- Theatrical release poster
- Directed by: Tristram Shapeero
- Written by: Phil Johnston
- Produced by: Anthony Russo Joe Russo Tom Rice Michael Flynn
- Starring: Joel McHale; Lauren Graham; Clark Duke; Oliver Platt; Wendi McLendon-Covey; Tim Heidecker; Candice Bergen; Robin Williams;
- Cinematography: Giovani Lampassi
- Edited by: Christian Kinnard
- Music by: Ludwig Göransson
- Production company: Sycamore Pictures
- Distributed by: Phase 4 Films Entertainment One Films
- Release date: November 7, 2014;
- Running time: 82 minutes
- Country: United States
- Language: English

= A Merry Friggin' Christmas =

2014 American comedy film

A Merry Friggin' Christmas (Also known as A Merry Christmas Miracle) is a 2014 American black comedy film directed by Tristram Shapeero and written by Phil Johnston. The film stars an ensemble cast featuring Joel McHale, Lauren Graham, Clark Duke, Oliver Platt, Wendi McLendon-Covey, Tim Heidecker, Candice Bergen and Robin Williams. The film was released by Phase 4 Films and Entertainment One Films on November 7, 2014. The film received generally negative reviews from critics.

==Plot==
Boyd Mitchler must spend Christmas with his estranged family.
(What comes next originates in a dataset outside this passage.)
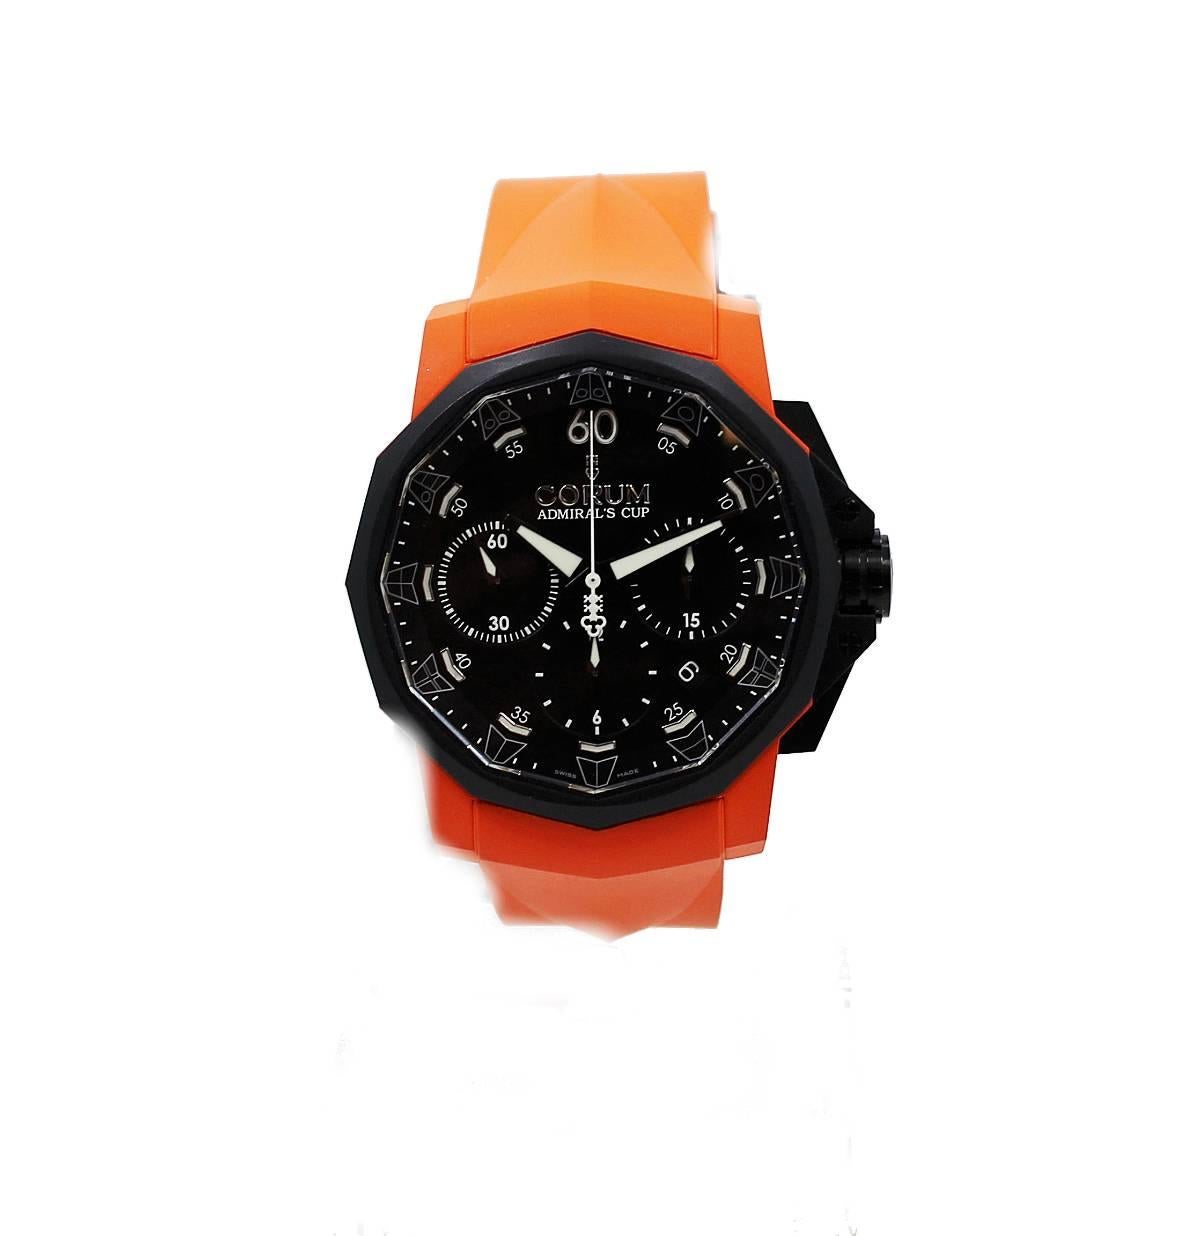 Corum Admiral's Cup Challenger 44 Chronograph  Titanium Limited Edition Watch #46/120 (Model#753.814.02/F374). This exclusive limited edition watch comes in a Orange Rubber Case and Strap with deployment Buckle.It is 42mm, Chronograph Automatic

When he realizes that he left all of his son's gifts at home, he hits the road with his dad in an attempt to make the eight-hour round-trip before sunrise.

==Cast==

- Joel McHale as Boyd Mitchler
- Robin Williams as Virgil Mitchler, Boyd's father
- Lauren Graham as Luann Mitchler, Boyd's wife
- Candice Bergen as Donna Mitchler, Boyd's mother
- Clark Duke as Nelson Mitchler, Boyd's younger brother
- Wendi McLendon-Covey as Shauna Mitchler-Weinke, Boyd's older sister
- Tim Heidecker as Dave Weinke, Shauna's husband
- Pierce Gagnon as Douglas Mitchler, Boyd and Luann's son
- Bebe Wood as Vera Mitchler, Boyd and Luann's daughter
- Amara Miller as Pam Weinke, Shauna and Dave's daughter
- Ryan Lee as Rance Weinke, Shauna and Dave's son
- Oliver Platt as Hobo Santa
- Amir Arison as Farhad
- Mark Proksch as Trooper Zblocki
- Gene Jones as Glen
- Jeffrey Tambor as Snow Globe Snowman (voice)

==Production==
Principal photography began in April 2013 in Atlanta, Georgia. Williams died on August 11, 2014, before the film was released, and it was dedicated to his memory.

==Release==
The film was released by Phase 4 Films on November 7, 2014. It is the first film starring Robin Williams to be released after his death on August 11, 2014.

==Reception==
On Rotten Tomatoes, the film has a rating of 14%, based on 21 reviews, with an average rating of 3.45/10. On Metacritic, the film has a score of 28 out of 100, based on reviews from 11 critics, indicating "generally unfavorable" reviews.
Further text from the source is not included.